Kane Brett Robinson (born 21 May 1985), better known as Kano, is a British rapper, songwriter and actor from East Ham, London. A significant contributor to grime music, he is widely considered one of the pioneers of the grime culture, alongside artists such as Wiley and Dizzee Rascal. His fifth album, Made in the Manor was shortlisted for the 2016 Mercury Prize and won Best Album at the 2016 MOBO Awards. On screen, he is best known for playing the role of Sully in Top Boy.

Music career

1985–2003: Early years
Kane Brett Robinson, born in East Ham, London was raised by Jamaican parents, Kano attended Langdon Secondary School. In his younger years he was a promising footballer, representing Chelsea, West Ham United Norwich City and Celtic by the age of 13, eventually abandoning his sporting ambitions in favour of a musical career.

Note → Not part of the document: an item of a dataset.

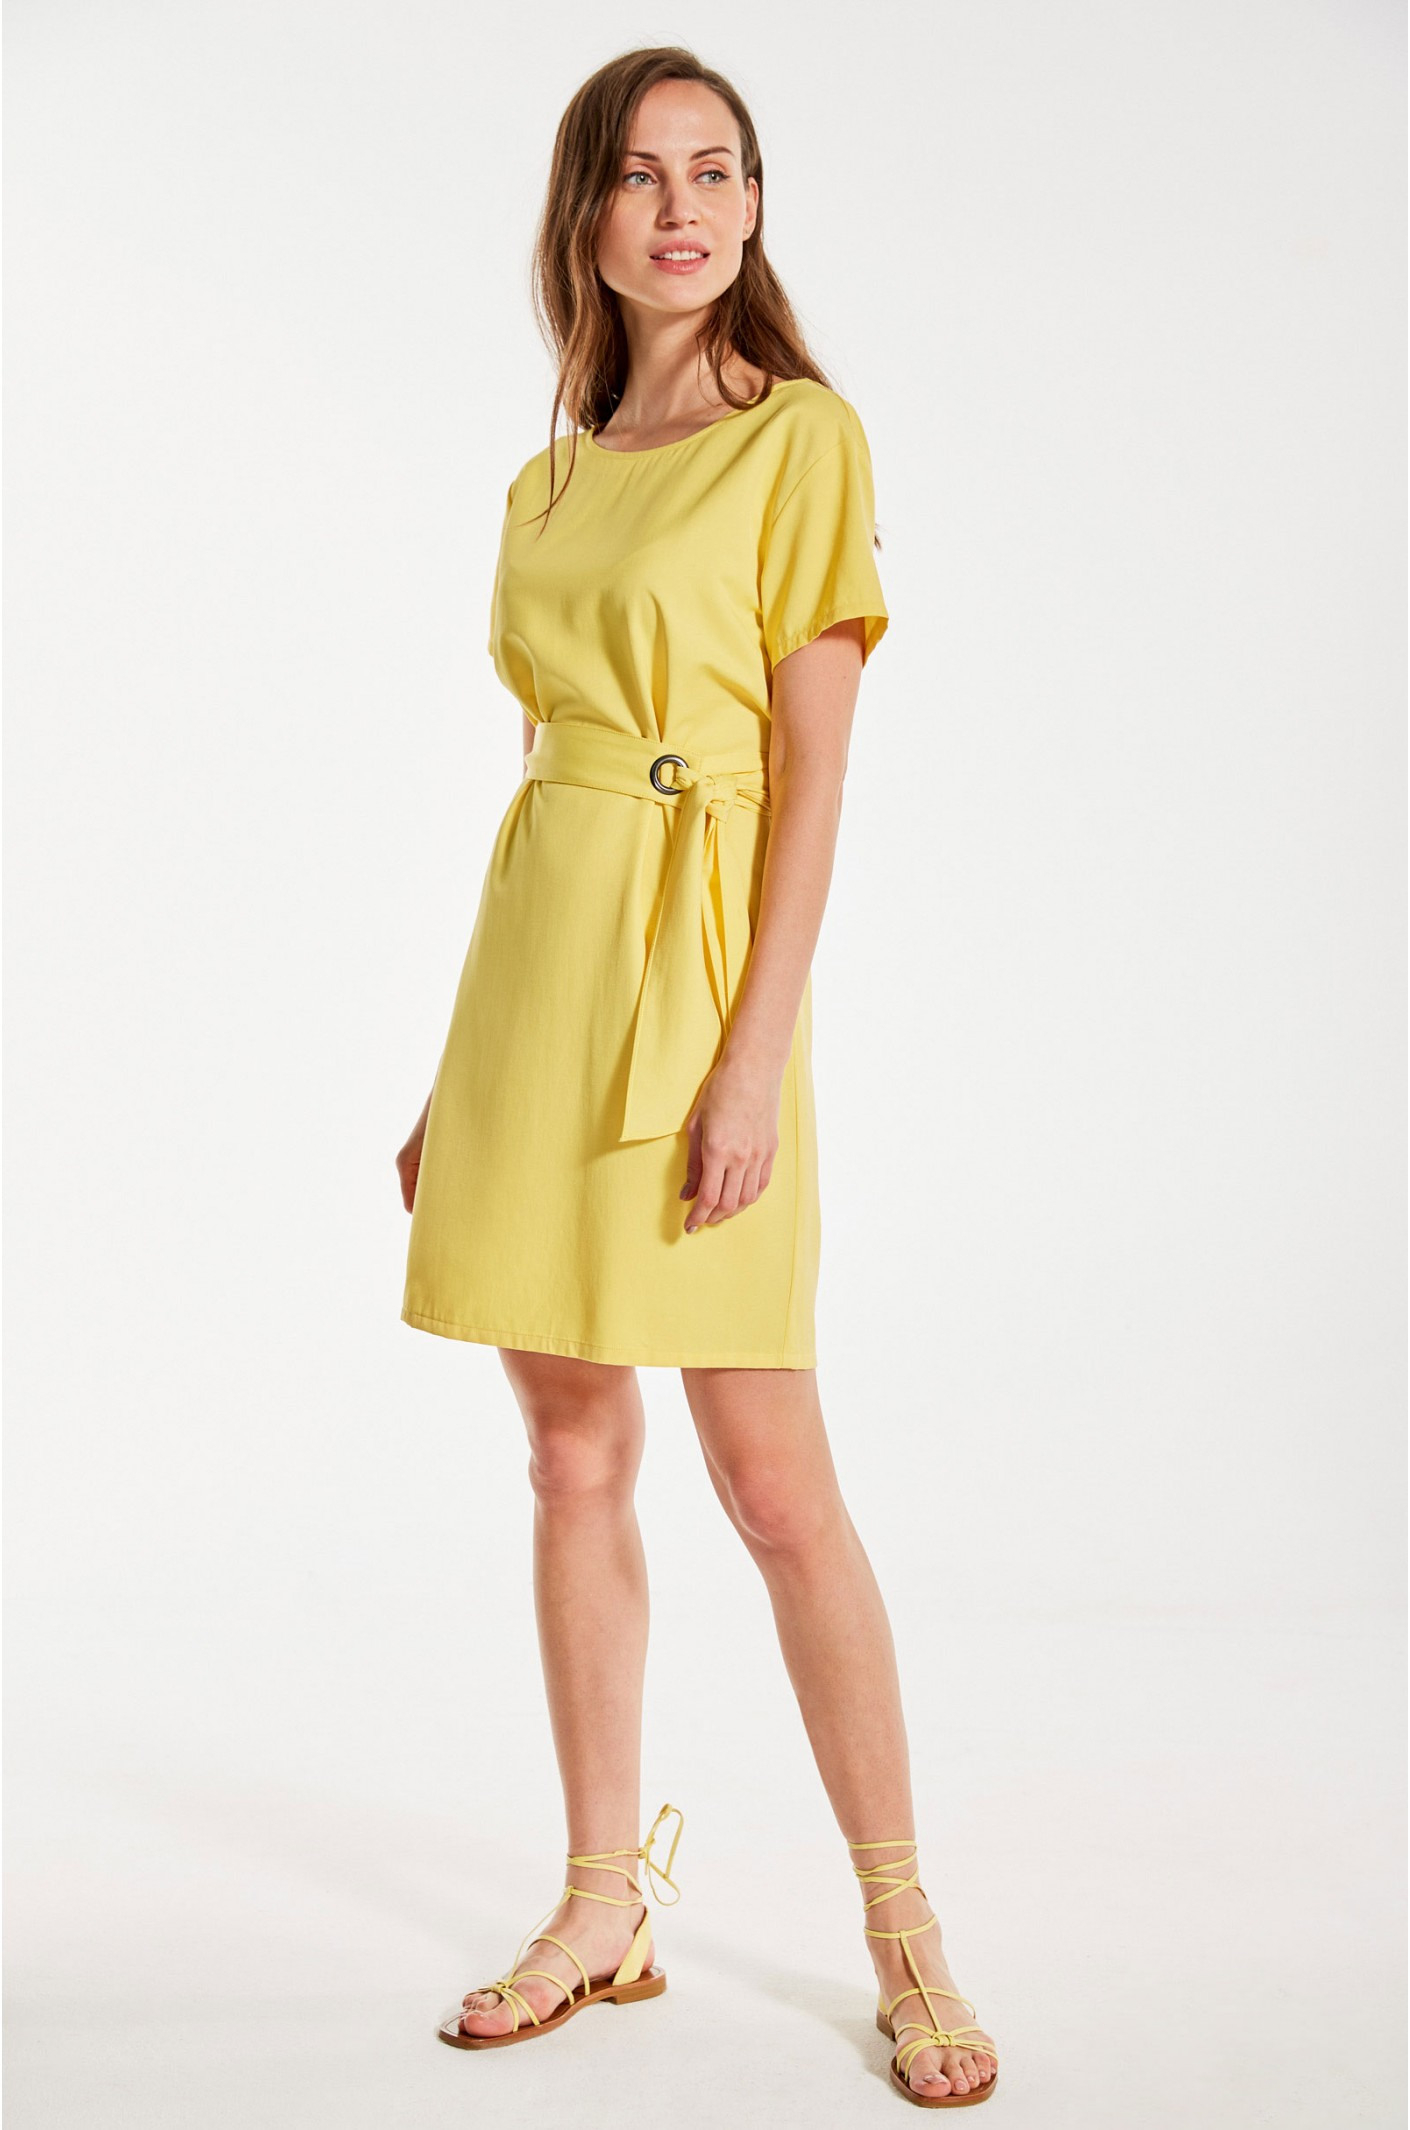 Kleid In Gelb Mit Kurzem Arm Und Mit Gürtel  Kala Fashion

He joined the East London-based, N.A.S.T.Y. Crew (Natural Artistic Sounds Touching You), whose original line-up consisted of Kano, Marcus Nasty, Jammer, D Double E, Ghetts, Demon, Stormin, Mak 10, Monkstar, Sharky Major, Armour, and Hyper. N.A.S.T.Y Crew had a popular show on pirate radio station Deja Vu. Airing Monday nights from 8:00 to 10:00 pm, the sets featured established up-and-coming guests, including Dizzee Rascal, Durrty Goodz, and Wiley. Kano used the crew's underground popularity as a springboard, leaving N.A.S.T.Y. to release his first solo track in 2002. He was then signed as a solo artist and began work on his debut solo album.

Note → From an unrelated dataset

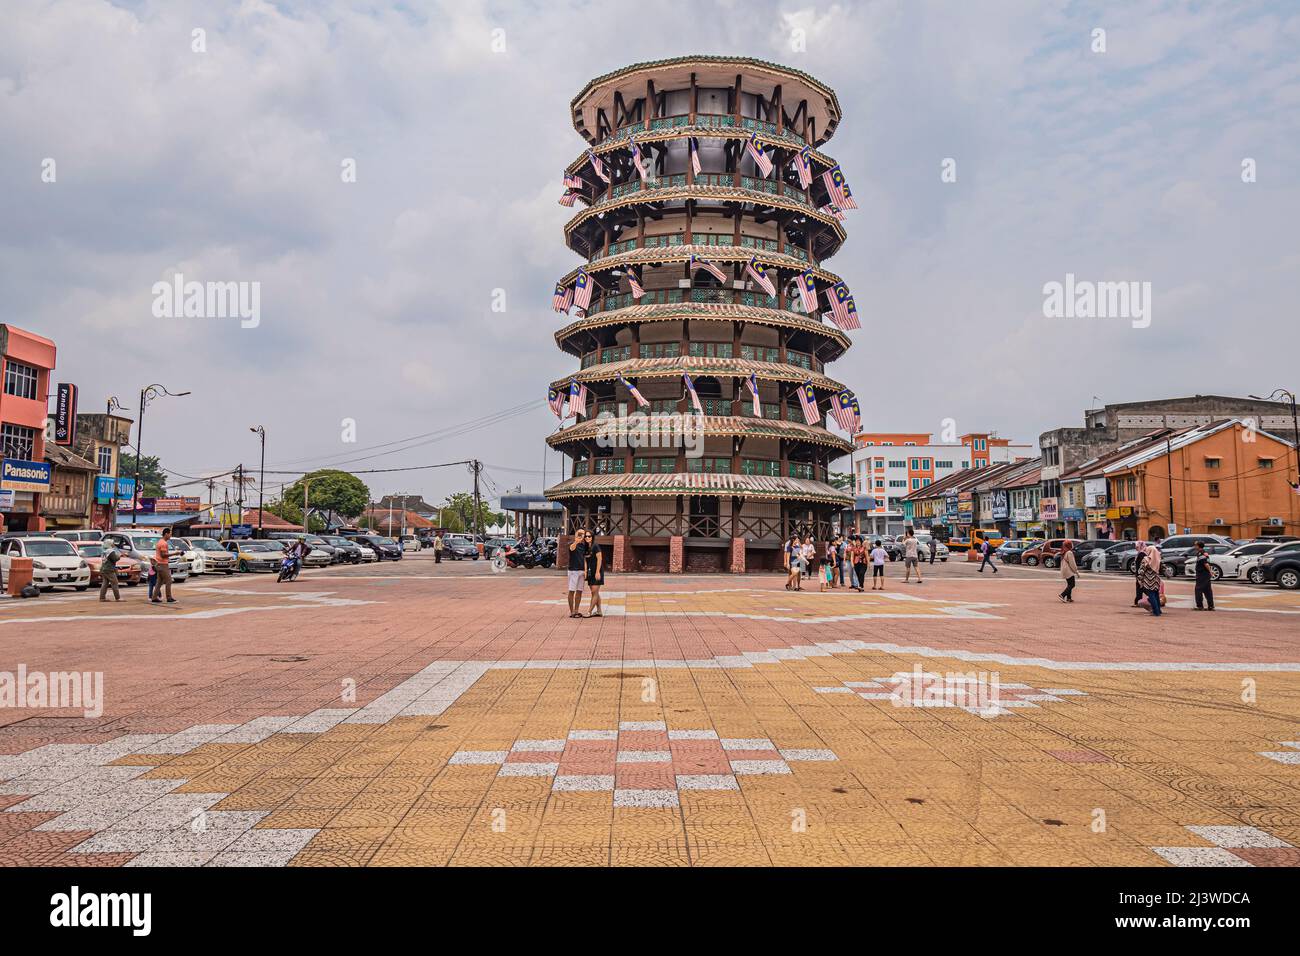 The Leaning Tower of Teluk Intan in Perak, Malaysia. Stock Photo

2004–2005: Home Sweet Home
In 2004, Kano modelled Hugo Boss's Spring/Summer collection, but declined to begin recording and touring commitments. Shortly afterwards Kano released his debut major label solo single, "P's & Q's", on a 12" vinyl-only release, which was an underground hit.

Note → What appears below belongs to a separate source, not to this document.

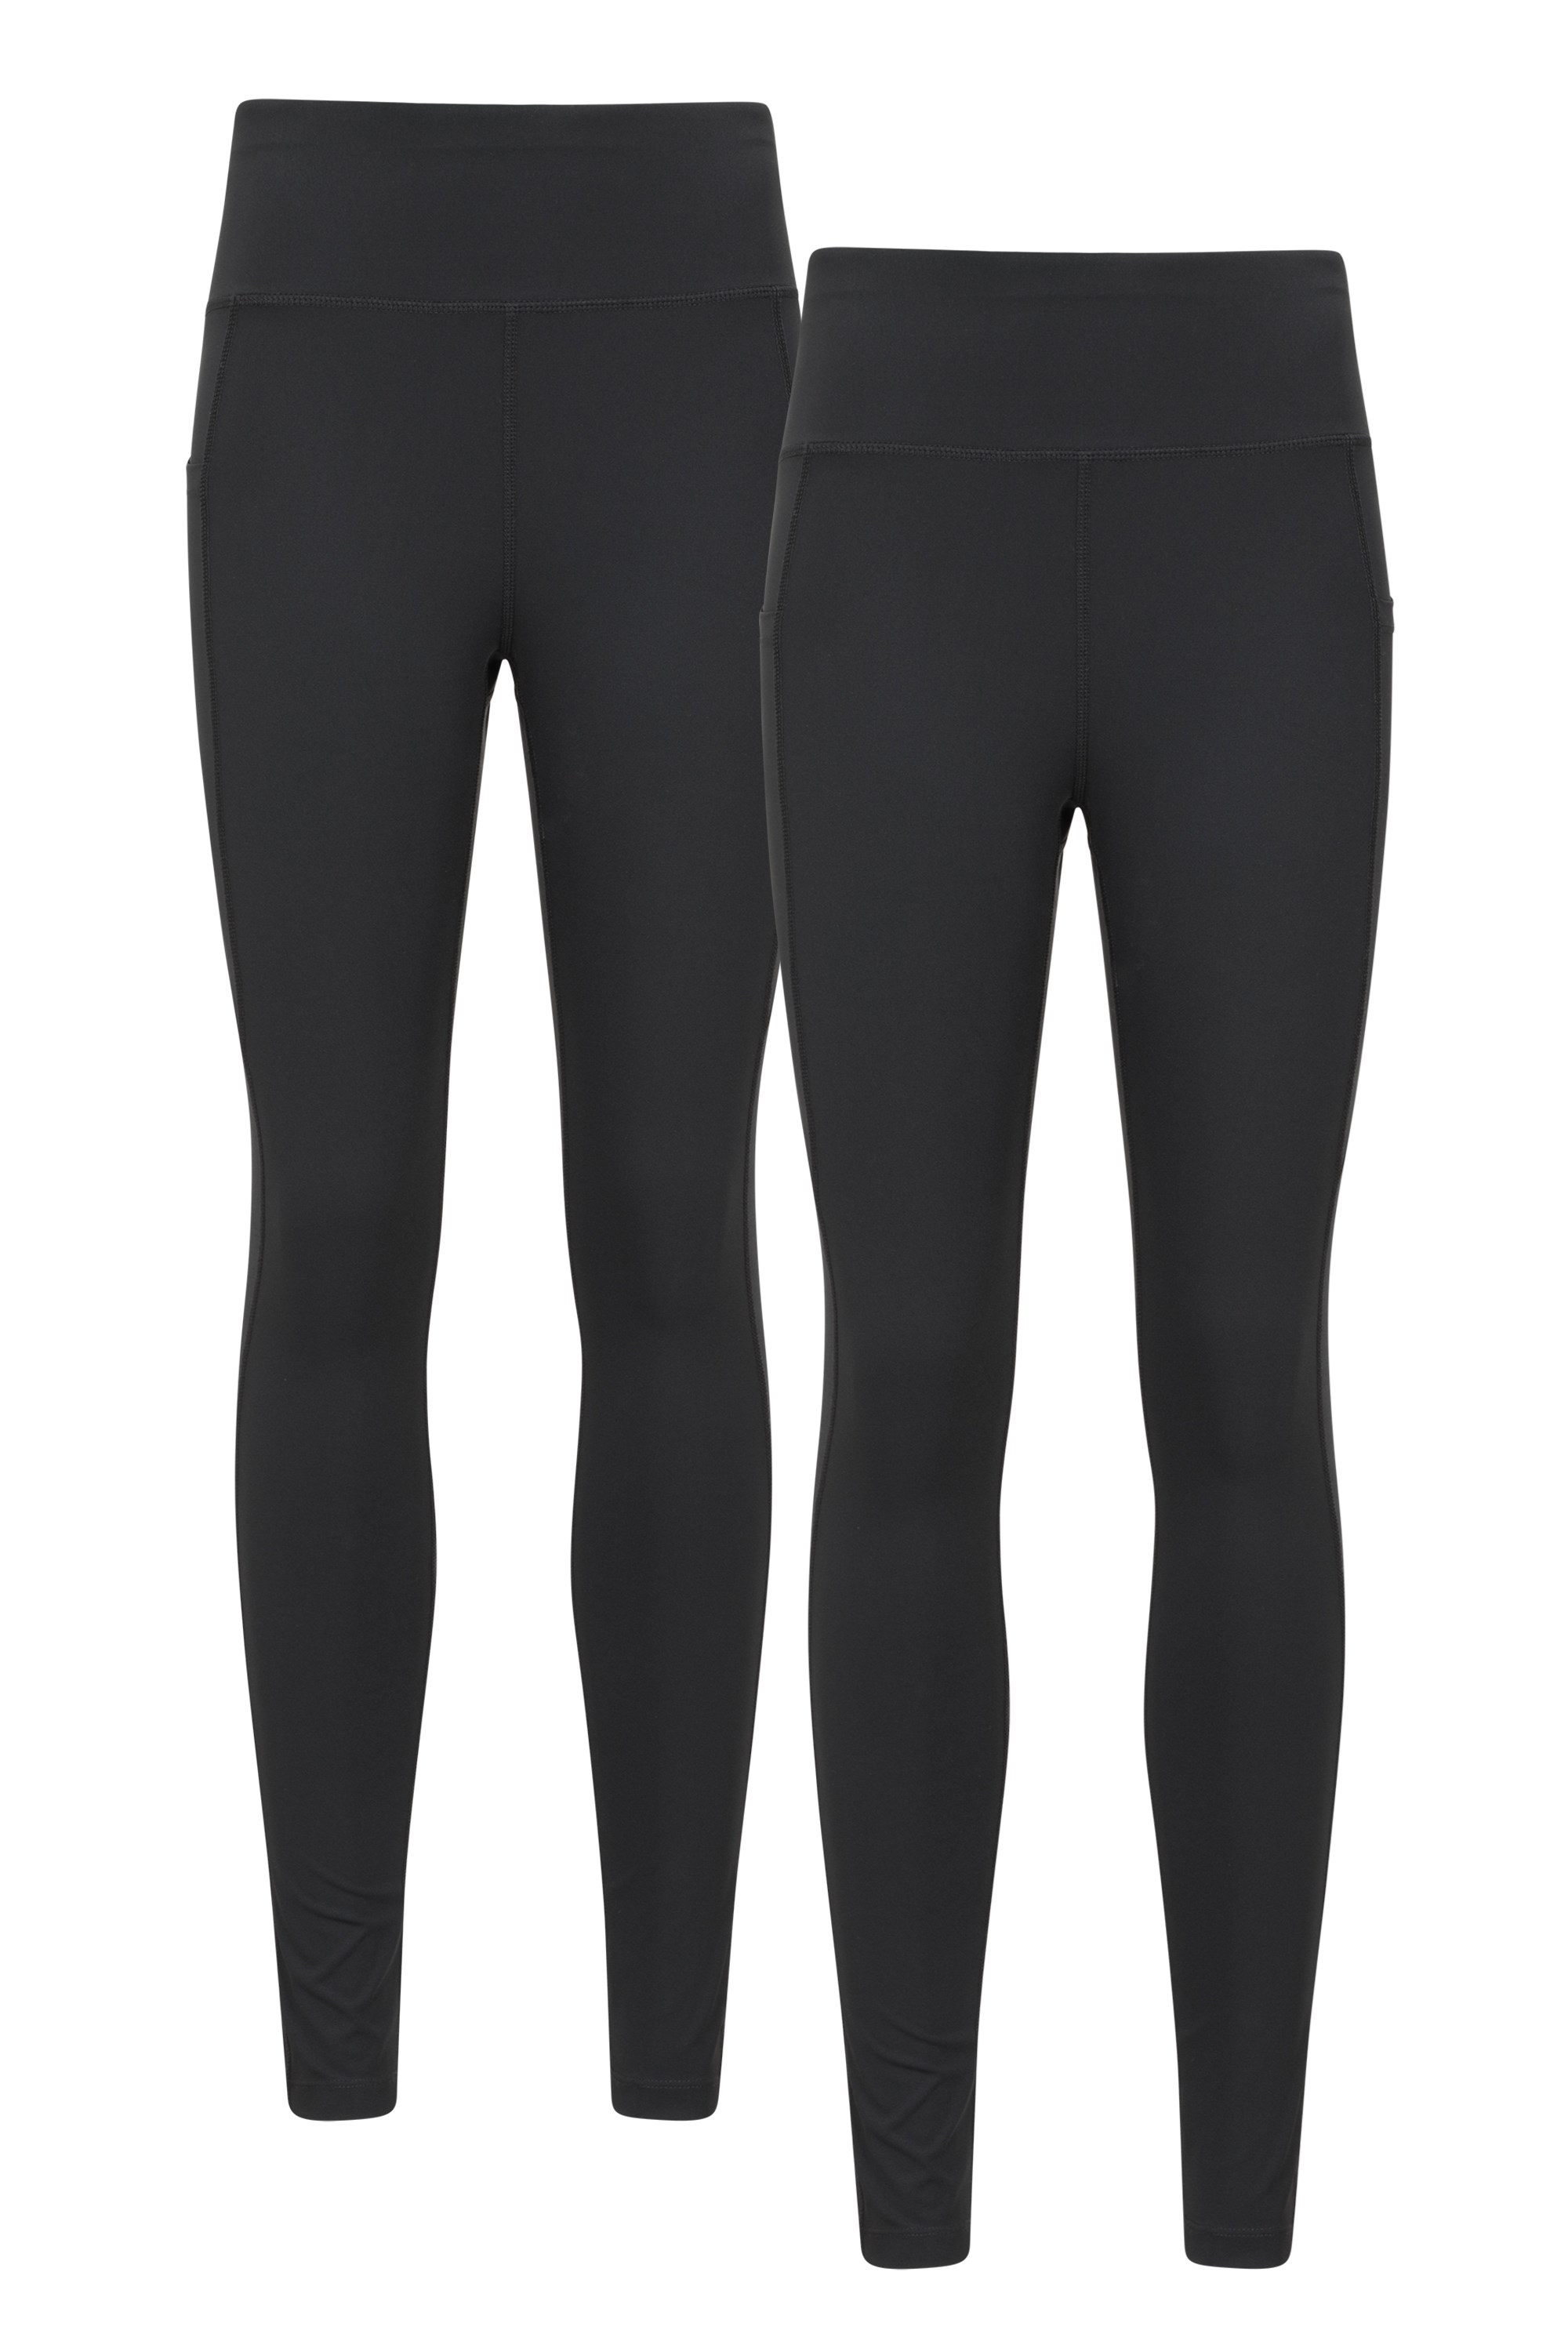 Blackout legginsy damskie z wysokim stanem — opakowanie zbiorcze - Black

In 2005 he released his second single, "Typical Me", produced by Dirty Rag and featuring Ghetts. "Typical Me" reached No. 22 in the UK Singles Charts. The video for "Typical Me" was directed by Andy Hylton. The third single, "Remember Me", fared less well in the charts, reaching No. 71. Two weeks later, on 27 June 2005, Kano's début album Home Sweet Home was released. It debuted inside the UK top 40 at No. 36 in its first week. In September 2005, the fourth single "Nite Nite" was released, featuring Leo the Lion and The Streets. Home Sweet Home went on to gain gold status in the UK, and was well reviewed across the British press.

"Nite Nite" was released as the next single from the album, hitting No. 25 in the UK charts and spending six weeks altogether in the top 75. Shortly after the release of "Nite Nite", a promotional video for "Reload It", which featured live performance clips and backstage footage, was released to UK video station, Channel U. In December 2005, Kano released a remixed version of album track "Nobody Don't Dance No More" featuring Katie Pearl, as a download-only single. The track was also featured as a B-side on CD: 2 of "Nite Nite". On 13 March 2006 Kano released the fifth and final single from the album, a double A-side of "Brown Eyes" and "Signs in Life". The single was released on a vinyl format only, and included a free sticker, which made it ineligible for chart inclusion.

Kano's music was also featured on Run the Road, a 2005 compilation featuring 16 grime tracks. The compilation included contributions from other grime artists including: Wiley, Dizzee Rascal and Lady Sovereign. Kano performed a verse on the track "Destruction VIP" and was featured on three other tracks, including "P's and Q's".

2006–2007: London Town
On 23 March 2006 Kano performed at Anson Rooms in Bristol for MTV2's Spanking New Music along with JME, N-Dubz and Unklejam. He performed tracks including "London Town", "P's & Q's", "Brown Eyes", "Me & My Mic" and tracks from the Beats & Bars mixtape. Kano confirmed on the show that his next album was to be called London Town.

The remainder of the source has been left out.